# Work to be completed
Leave every picture out, and print the full listing again exactly.

# Data
┌────────

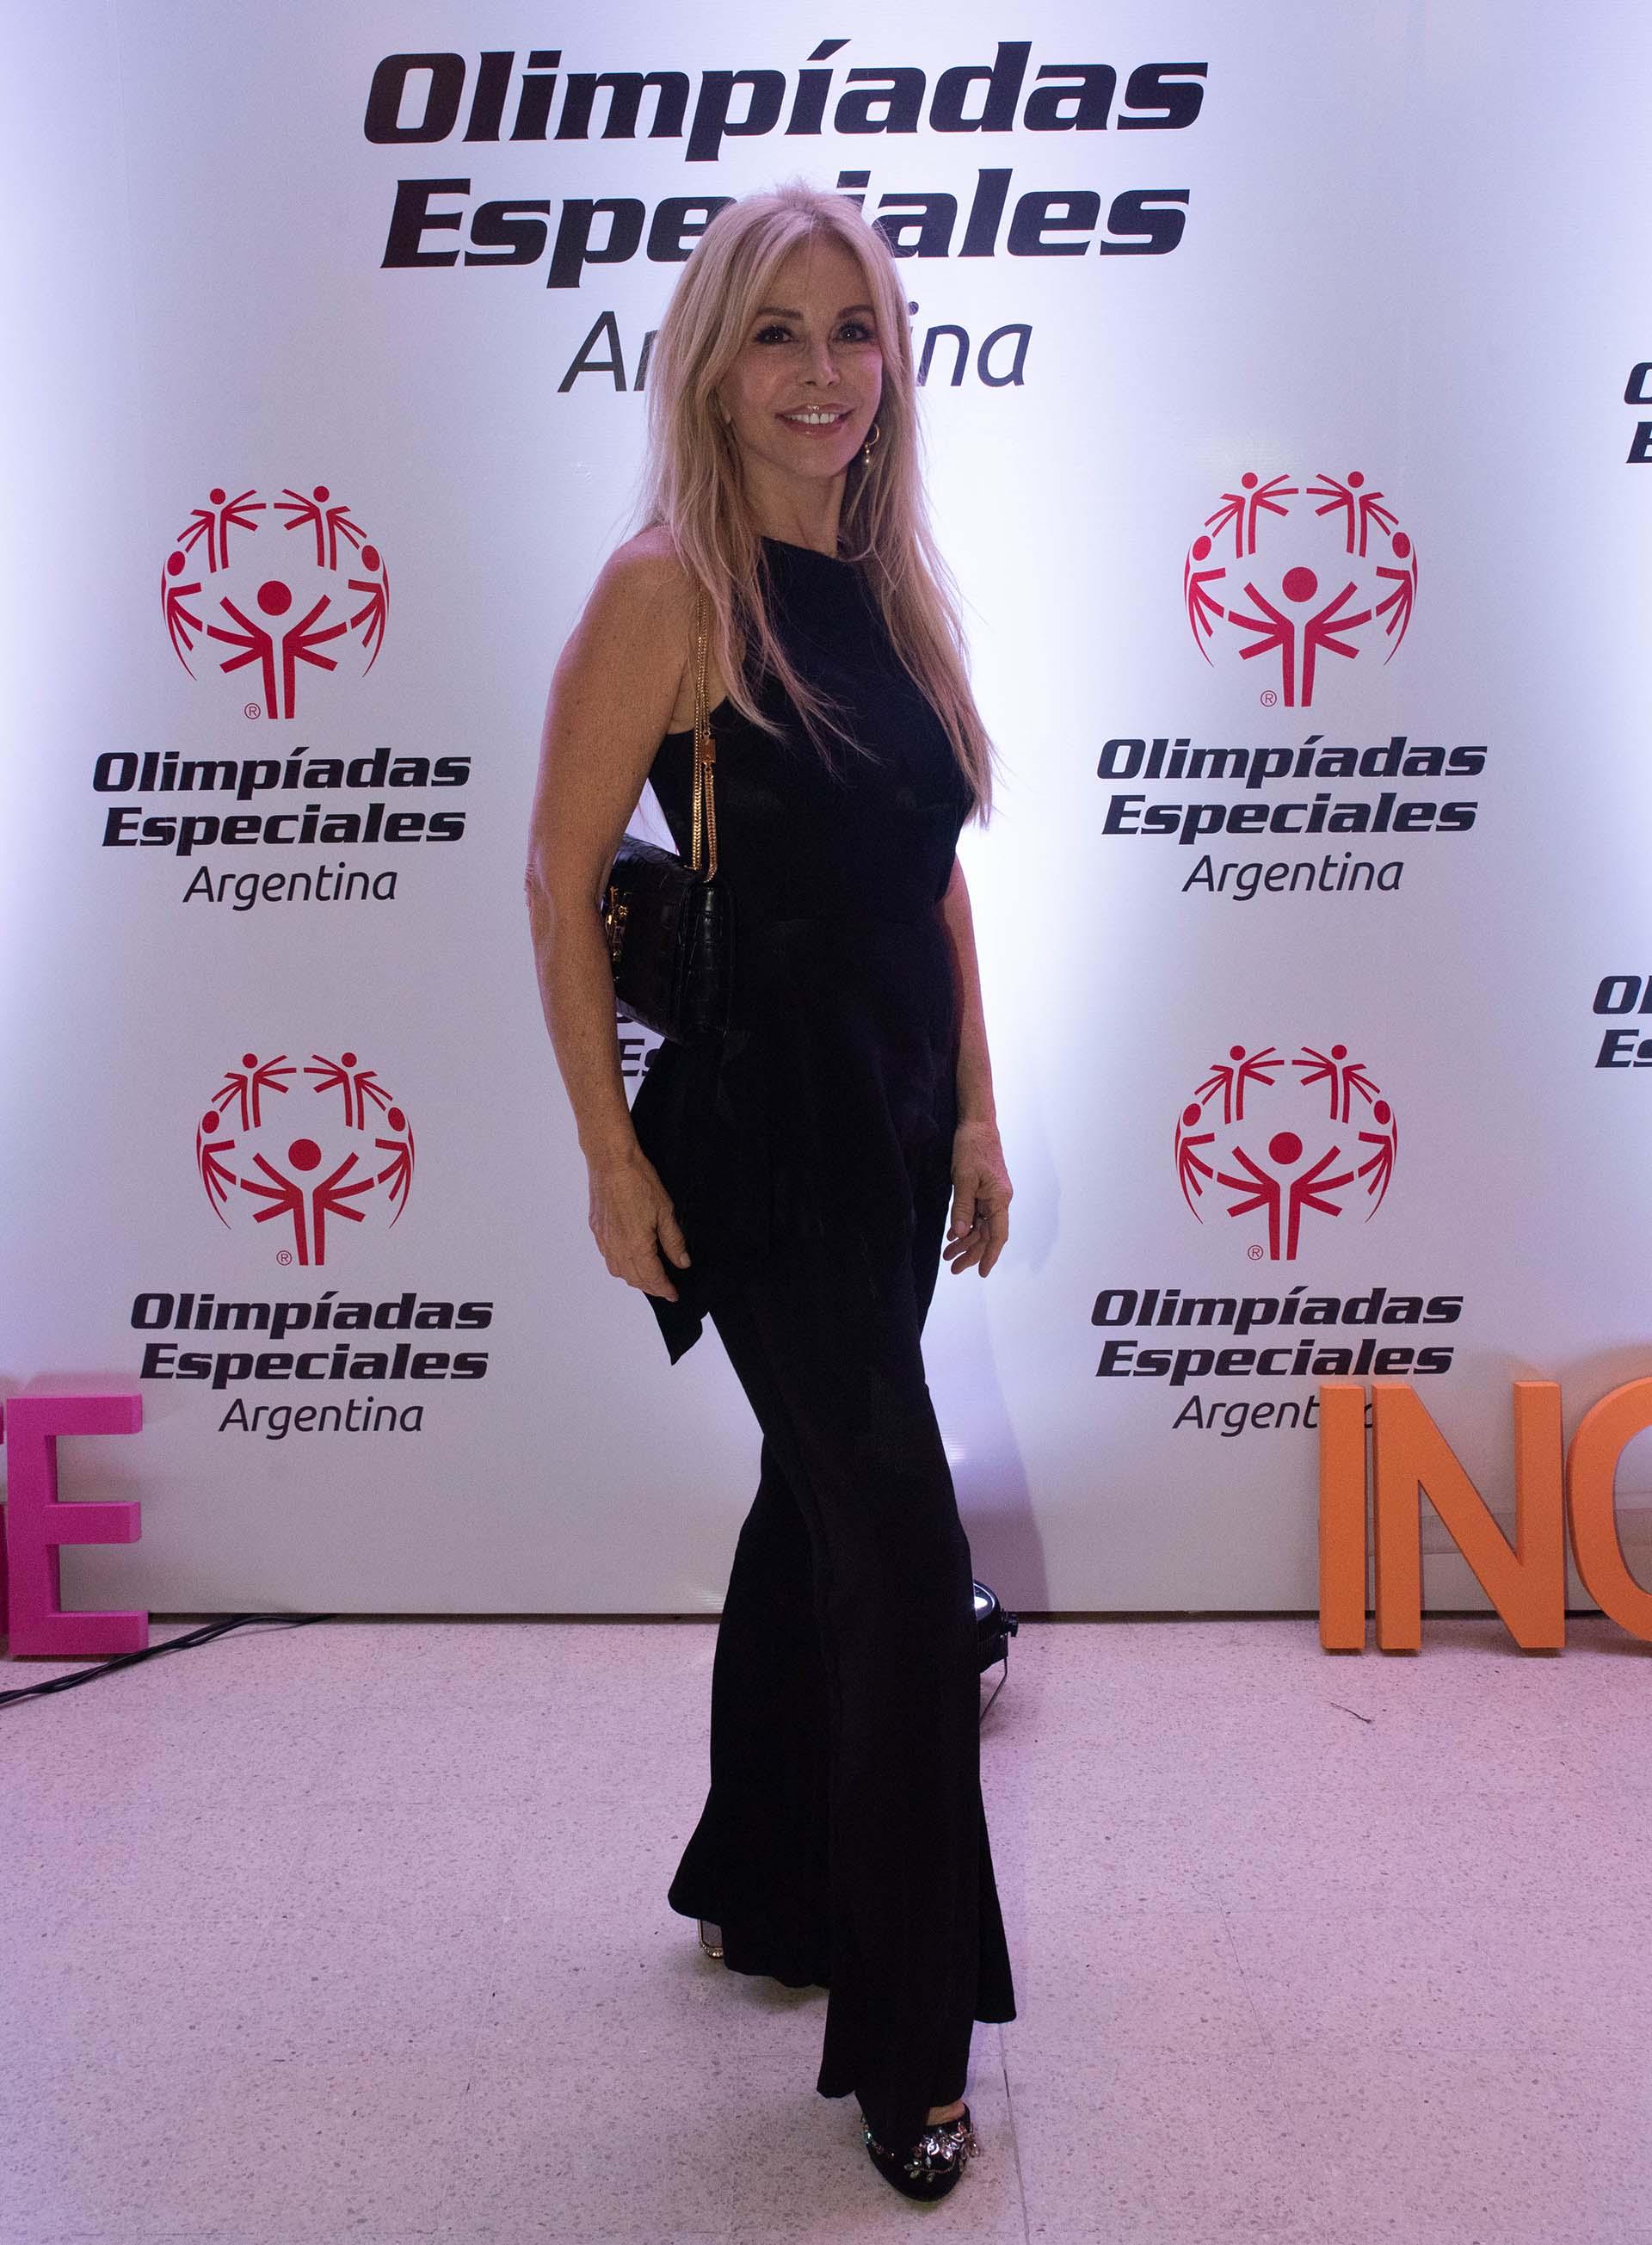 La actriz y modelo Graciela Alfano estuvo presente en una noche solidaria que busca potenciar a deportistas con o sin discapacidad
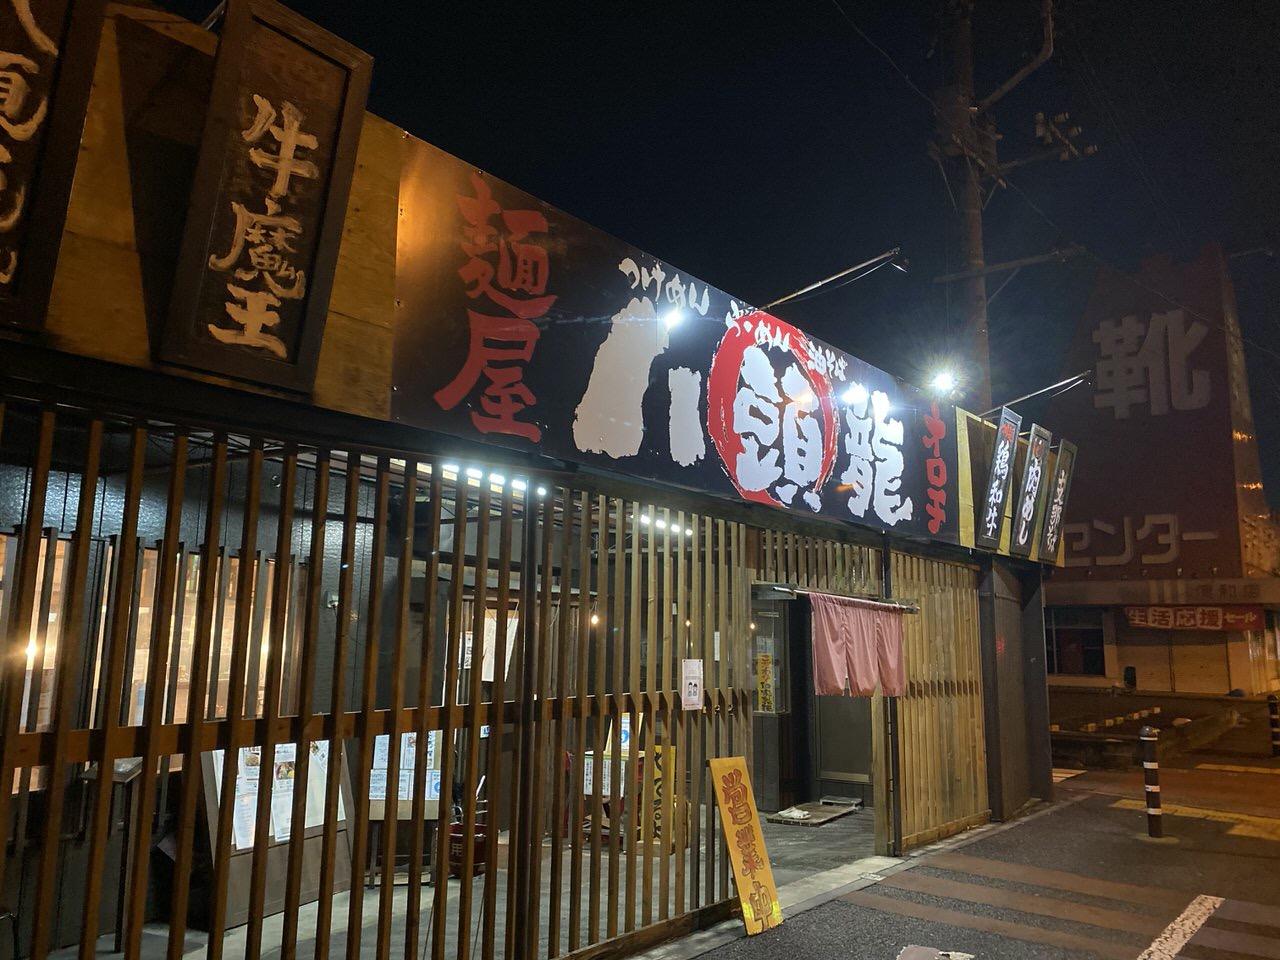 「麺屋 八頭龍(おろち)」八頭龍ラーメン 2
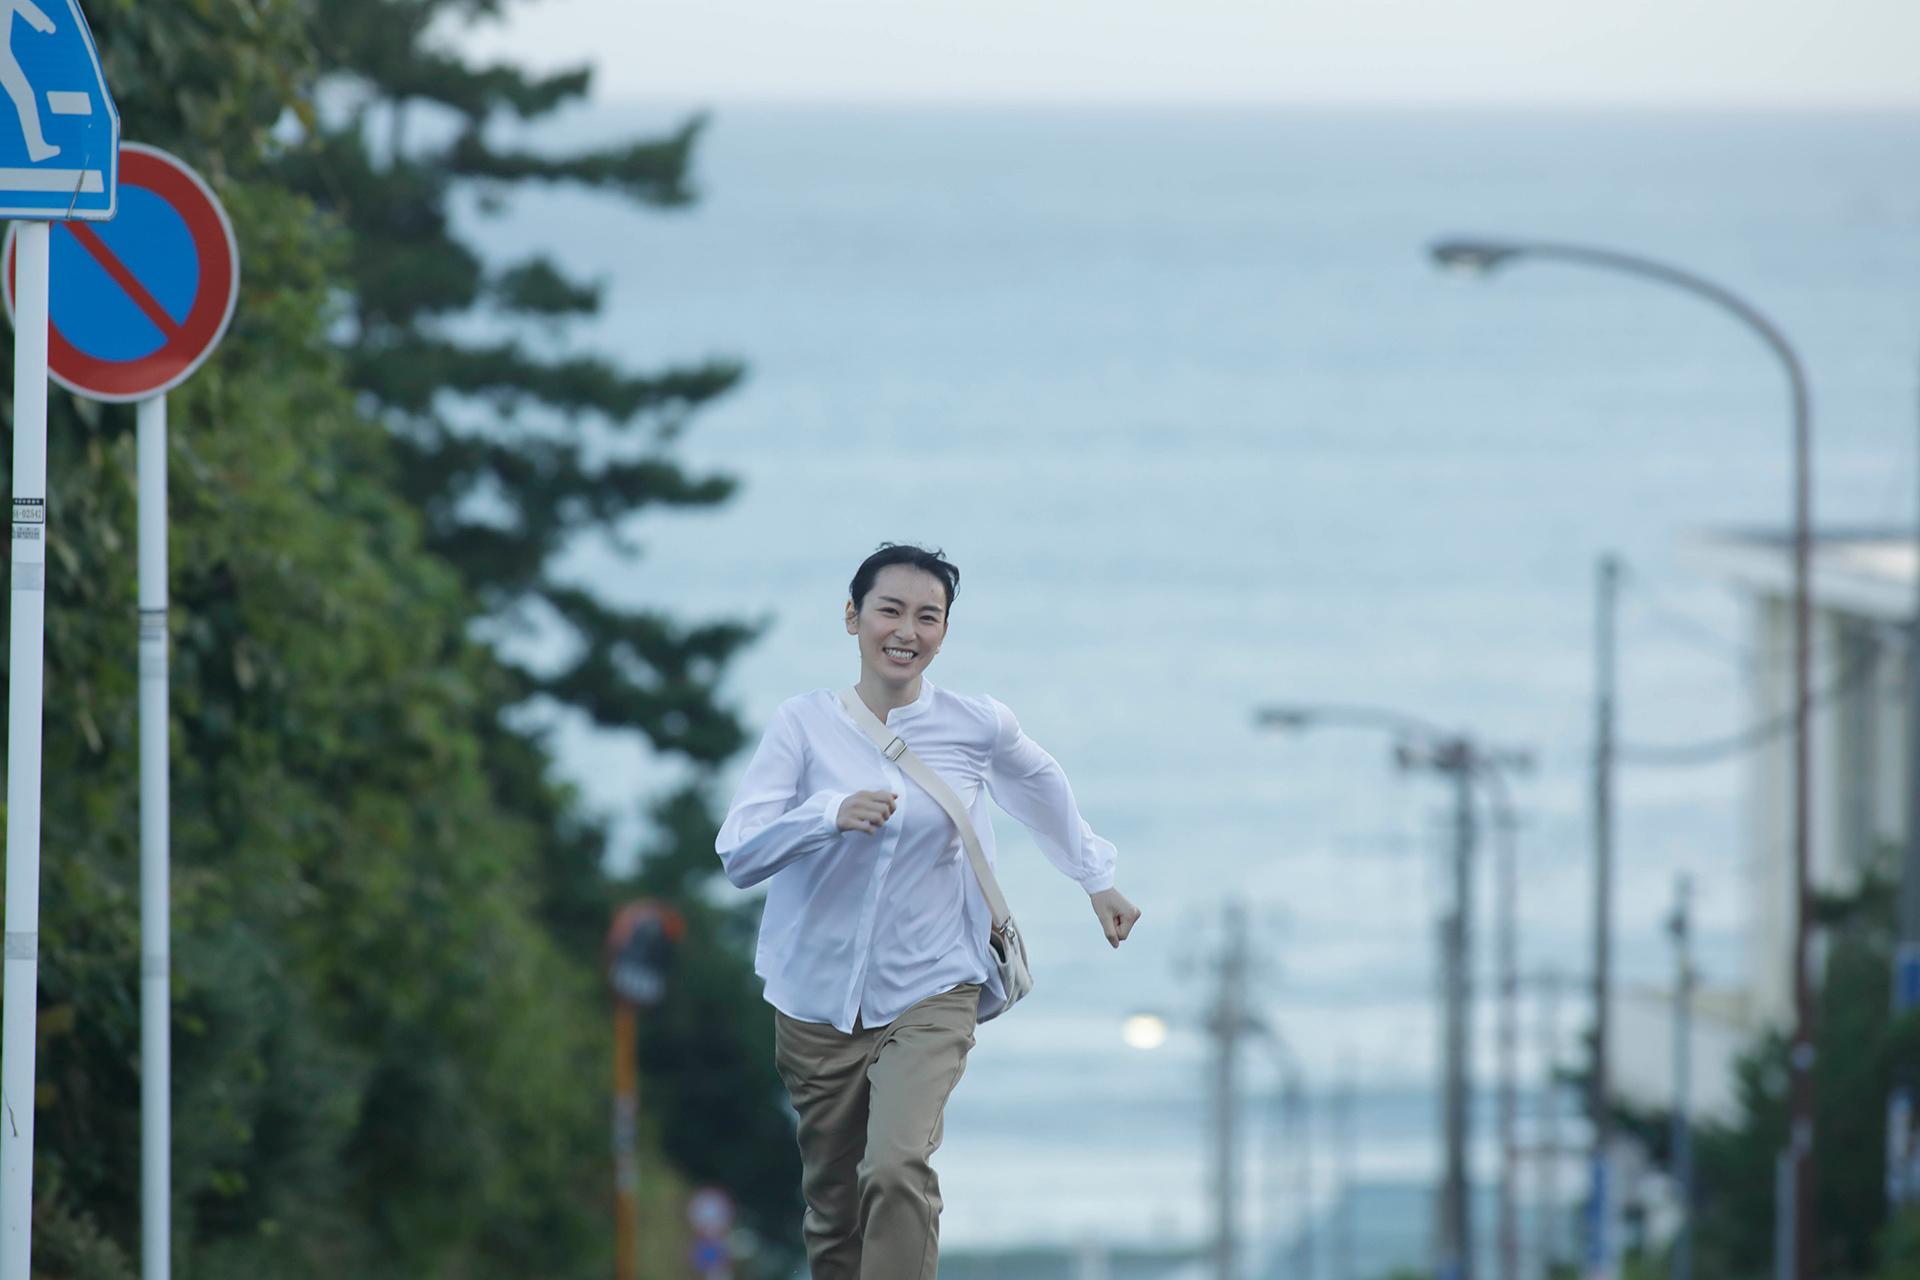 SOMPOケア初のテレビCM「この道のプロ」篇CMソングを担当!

└────────

# Task answer
 La actriz y modelo Graciela Alfano estuvo presente en una noche solidaria que busca potenciar a deportistas con o sin discapacidad
 「麺屋 八頭龍(おろち)」八頭龍ラーメン 2
 SOMPOケア初のテレビCM「この道のプロ」篇CMソングを担当!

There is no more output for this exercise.